Globalization- Globalization is a converging and diverging force
at the same time. Companies merge and diversify products and
services while having at the same time to tailor these products to
the tastes and needs of each local market.
Diversity- Globalization has increased the diversity of employees
in organizations. Never before groups of different cultures, have
backgrounds, specialities and ages been put to work in the same
place. The tension on how to deal with diversity of people
necessitates the acquirement of communication skills to a degree
that has been never experienced before.
Flexibility- Established work norms are in tension with new ones.
Self-organizing teams, flexible working hours and deviation from
long-established procedures create tension because of peoples
tendencies to reject and resist change. But to stay competitive in
the global markets people need flexibility to produce new
products and services while maintaining a minimum structure to
hold the company together.
Flat- It is the fastest who wins and not the strongest. Information
and its communication need circulate fast in organizations
nowadays.

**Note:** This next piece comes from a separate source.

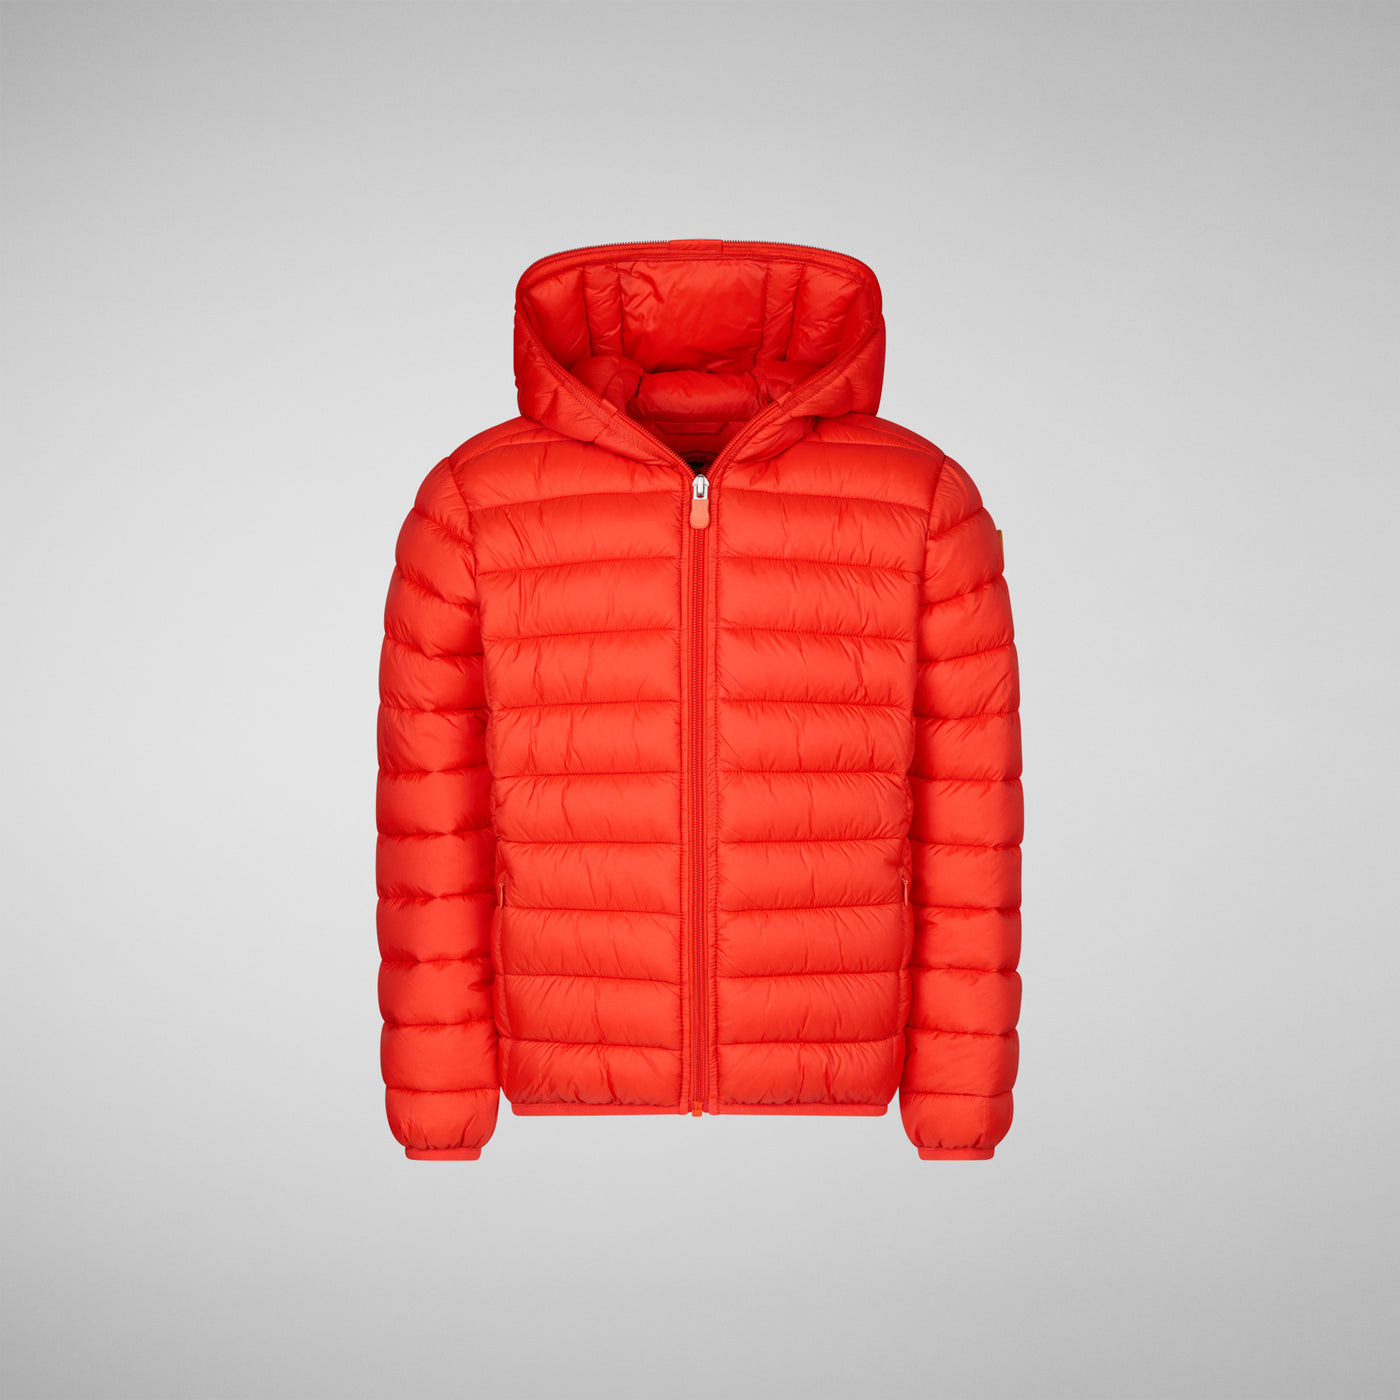 Boys' Dony Hooded Puffer Jacket in Poppy Red

The swing from pyramidal organizations to flat
organizations is creating tension from those who are on top of the
orthodox pyramidal organizations and from managers who love to
manage by controlling others. Self-interest is conflicting with
organizational-interest and this is creating tension.
Networks- Networking enhances flexibility of organizations as
well as reduction of fixed costs. However; these benefits are in
tension with the need to control distantly positioned teams to
keep the quality of products and services.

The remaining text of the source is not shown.